Re: MDS backup too big and slow in R80.10

Kaspars_Zibarts · ‎2018-08-22

For those running MDS management solution. What's your take on backup after R80.10? In our case in R77.30 backup was approx 3GB in size and it took less than half an hour to restore MDS and have it up and running. With R80.10 backup has grown to 18GB(!) within a year and actual process takes well over an hour if not closer to two. As an engineer I might accept the argument that R80.10 brought in so many new features thus increasing backup size but from business and disaster recovery point of of view it is complete shumbles.

Ironically it makes even support process painfully slow as I was asked to upload MDS backup yesterday and considering that CP FTP servers are over 50ms away from us, it will take couple of hours to complete that.

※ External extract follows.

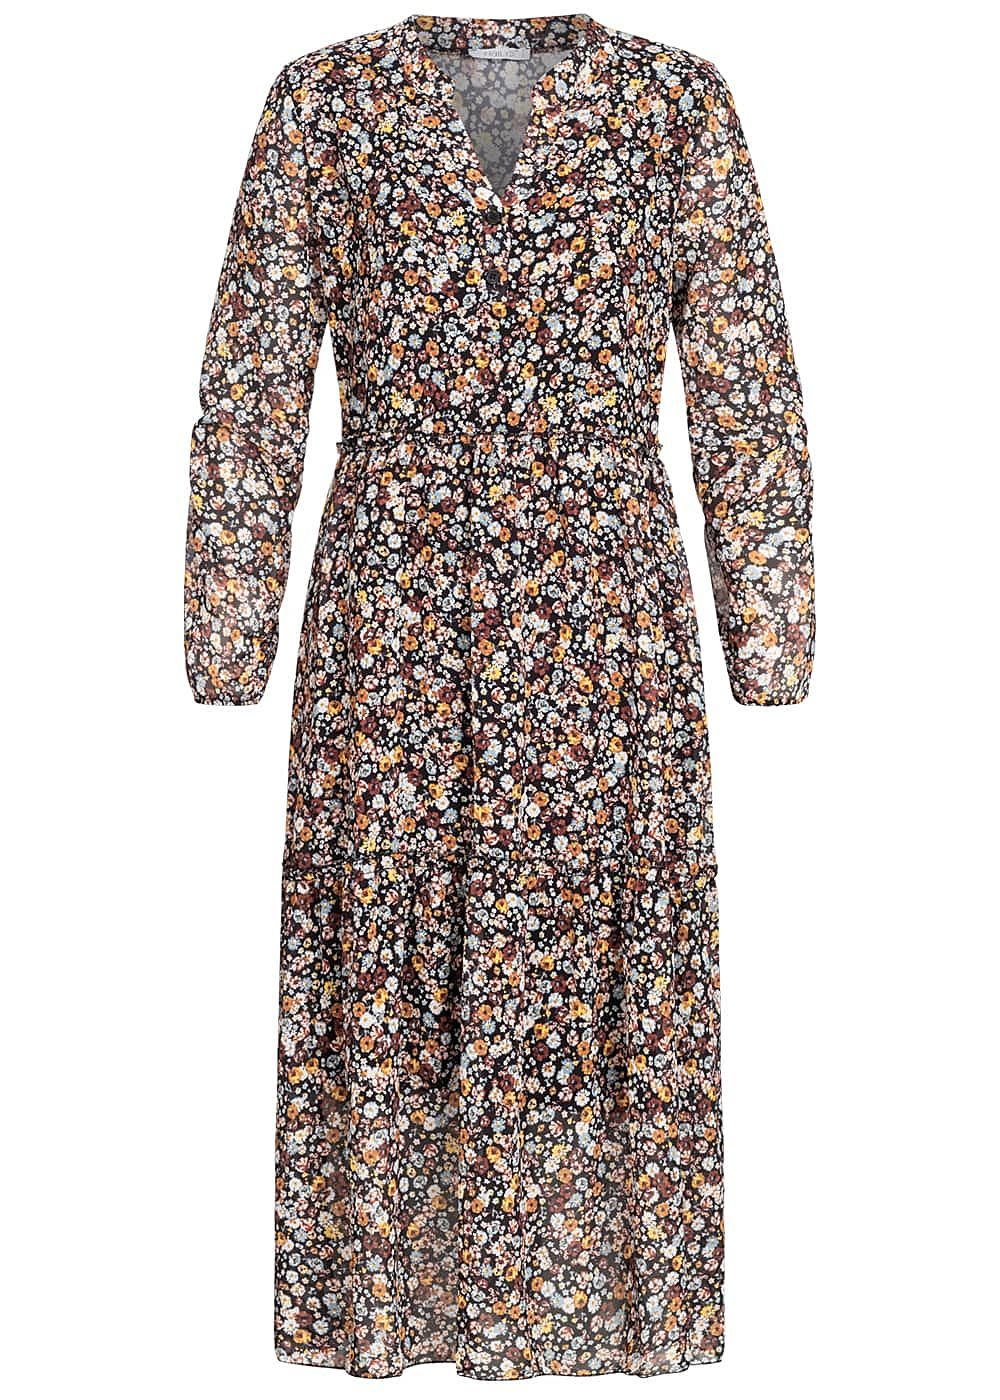 Hailys Damen V-Neck Midi Chiffon Kleid Blumen Print schwarz multicolor
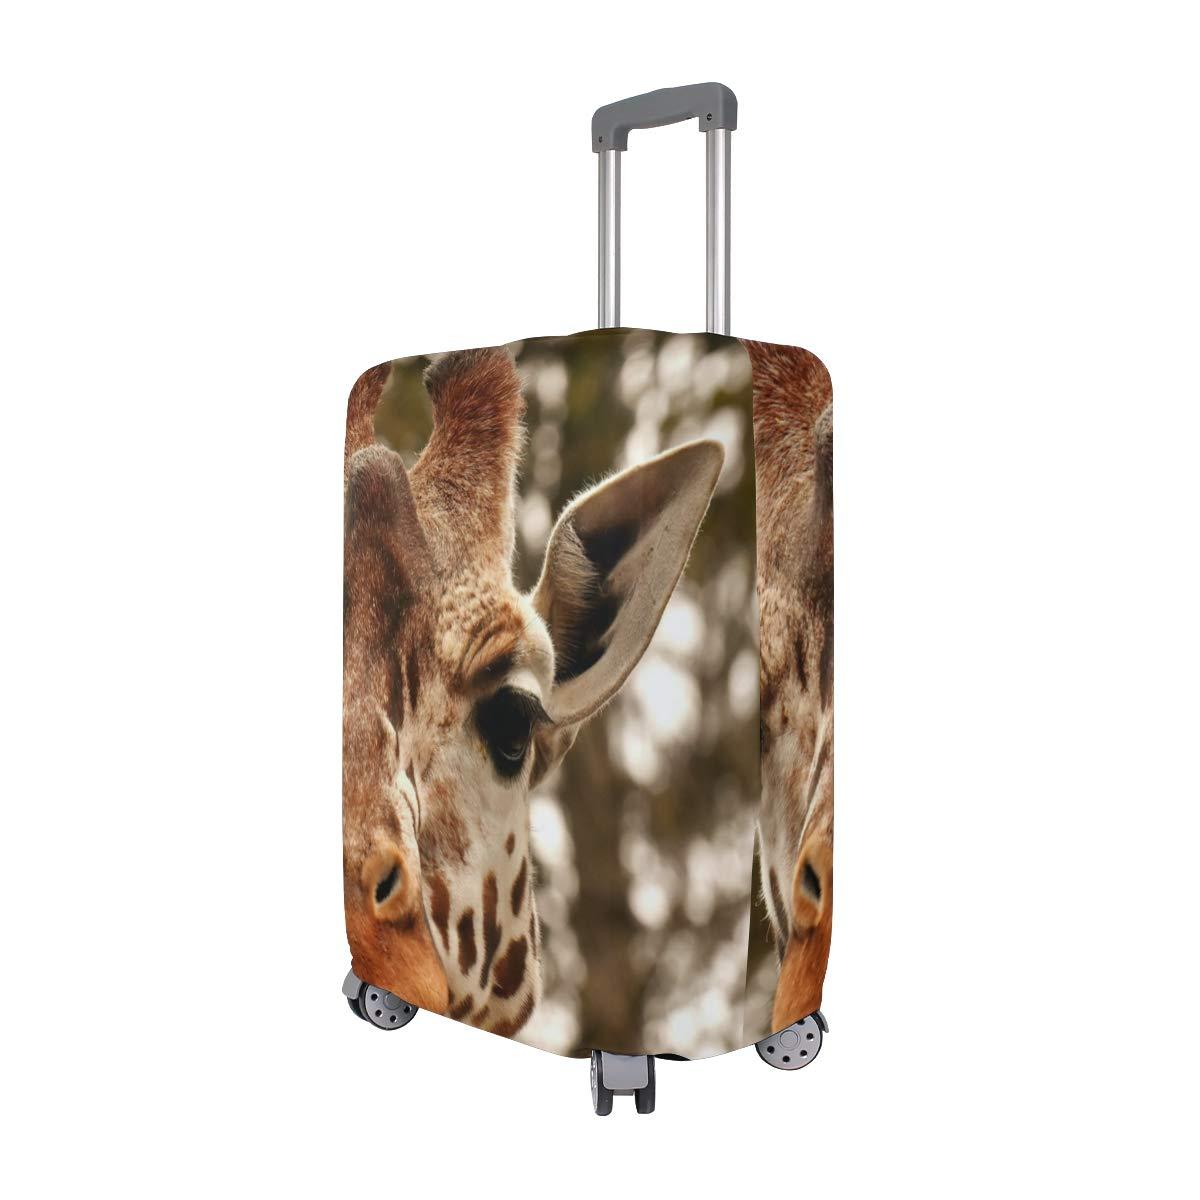 Travel Luggage Cover Wild Zoo Giraffe Head Suitcase Protector

I have been raising SRs trying to point out inefficiency of MDS backup process for years - same MDS TGZ being archived and compressed 4 times... Seriously. In order to restore backup now (offcial MDS GAIA backup) we would need nearly 100GB free disk-space. Not that it costs too much money but it makes it so slow.

I'm not expecting many votes as probably not that many run MDS but still would be good to hear opinions about the matter

Tomer_Sole · ‎2018-08-23

Hi, please see https://community.checkpoint.com/thread/6312-how-can-i-control-the-size-of-my-r8010-security-managem...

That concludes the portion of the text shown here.